Counterfeiters pose both monetary and reputational threats to well-known brands. As businesses look towards the upcoming festive season, ensuring brand protection is key. Robin Smith, Vice President and General Counsel for the LEGO Group in APAC and China said: “Our research shows that children want more family playtime and that parents saw play as providing a vital role in keeping the whole family entertained during the COVID-19 pandemic. Unfortunately, this increased demand also has led to inferior toys being traded illicitly, which due to the poor quality and safety standards of the goods being sold, could cause risks to a child’s health and development. As home to one of the largest child populations in the world, the ASEAN region should ensure that the children’s enjoyment of learning through play, safety and well-being are protected from the harmful effects caused by illicitly traded toys. ASEAN’s investment in combating illicit trade today will continue to reap benefits well into the future, and will play an important role in shaping a prosperous and safe ASEAN community for future generations.”

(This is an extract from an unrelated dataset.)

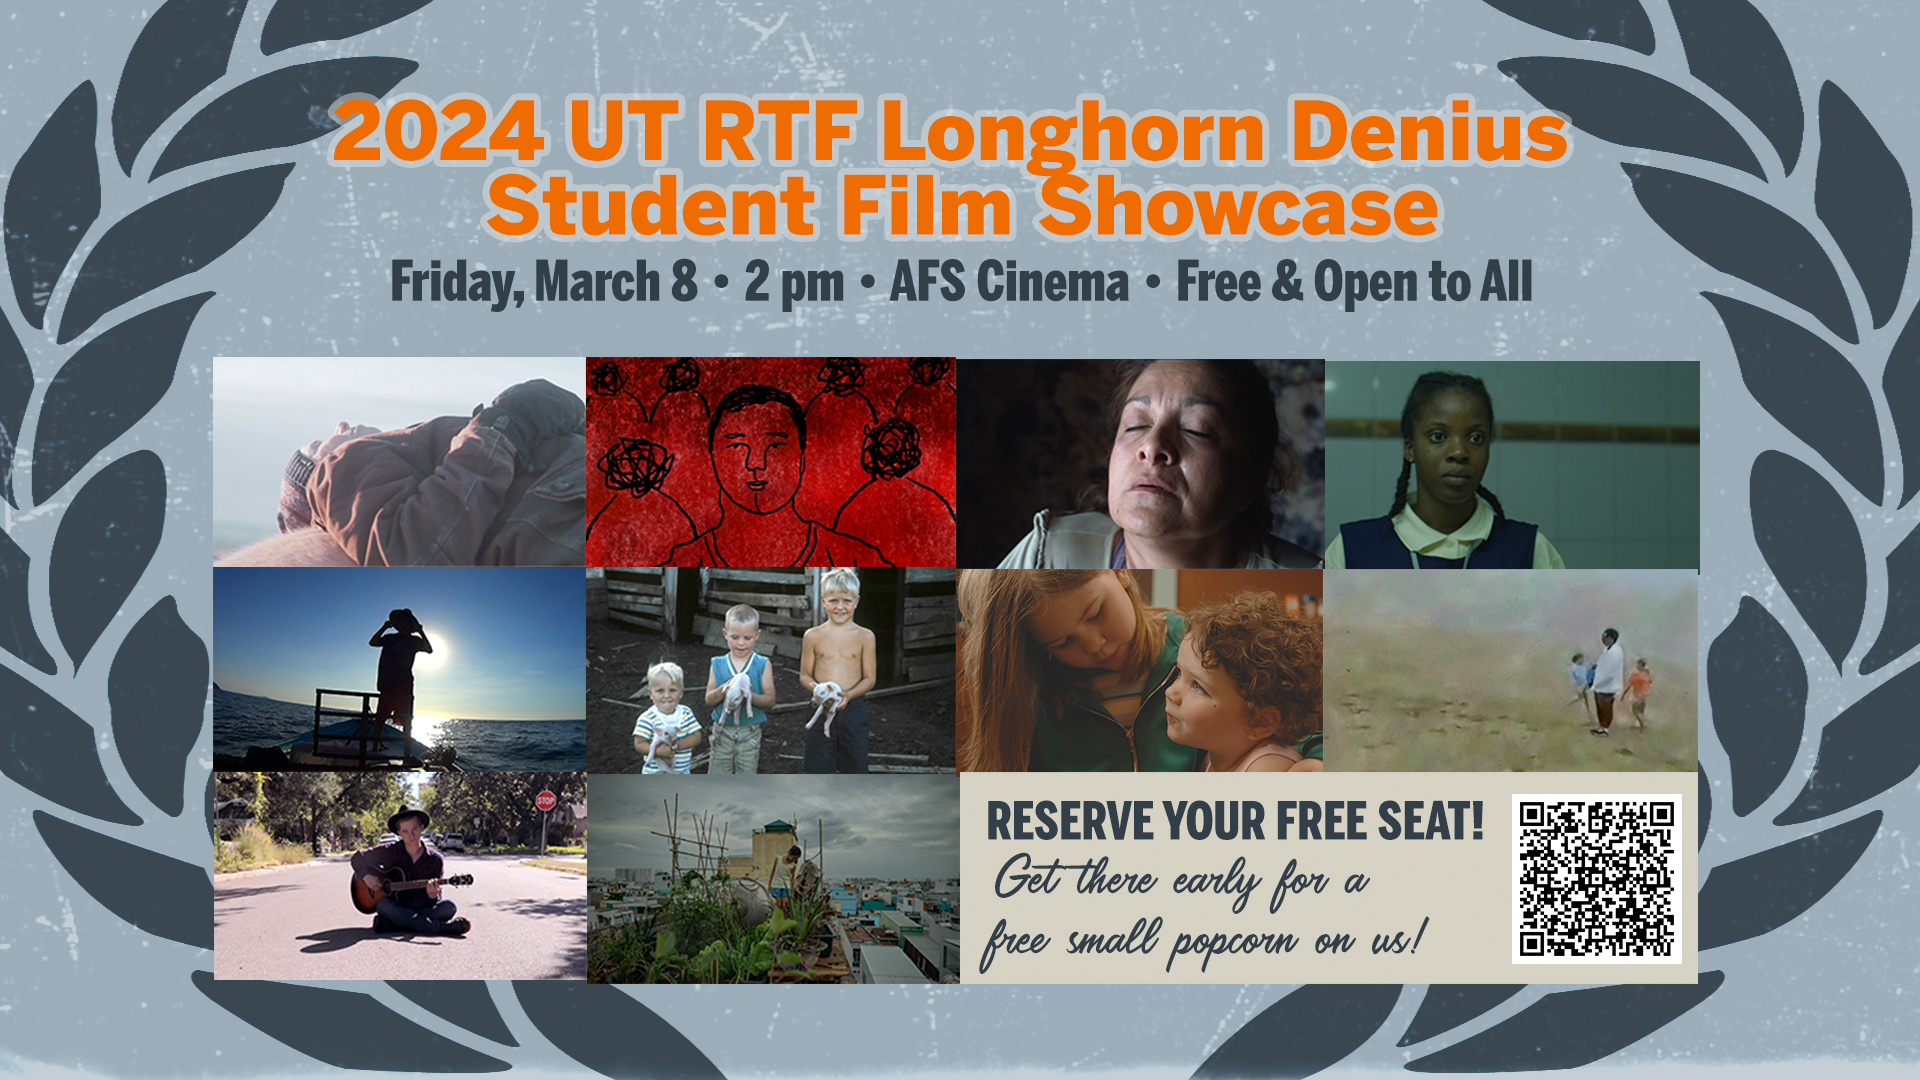 2024 UT RTF Longhorn Denius Student FIlm Showcase Friday March 8 at 2 pm at AFS cinema. Reserve your spot.

Jeffrey Hardy Director-General of the Transnational Alliance to Combat Illicit Trade (TRACIT), co-authors of the report said “We are pleased to partner with EU-ABC to address illicit trade in its various forms in the ASEAN region. The pervasive impact of the organised crime of illicit trade on government resources, society and business cannot be ignored. This report provides an urgent and compelling argument for governments to further step up efforts to adopt a strong regional framework to effectively combat illicit trade. While ASEAN governments are on the right path, findings from this report show that more attention must be given to enforcement, resource allocation and improved regional cooperation. TRACIT and EU-ABC stand by ASEAN governments to plug in these governance gaps and present a united front against criminal groups trading in illicit goods.”
As ASEAN looks towards charting the path to the next new normal, the region needs to transform lockdown lessons into a resilient post-crisis regulatory regime by understanding where and how criminal groups exploit weaknesses. The time for ASEAN is now and the failure to act could result in a larger economic and healthcare crisis.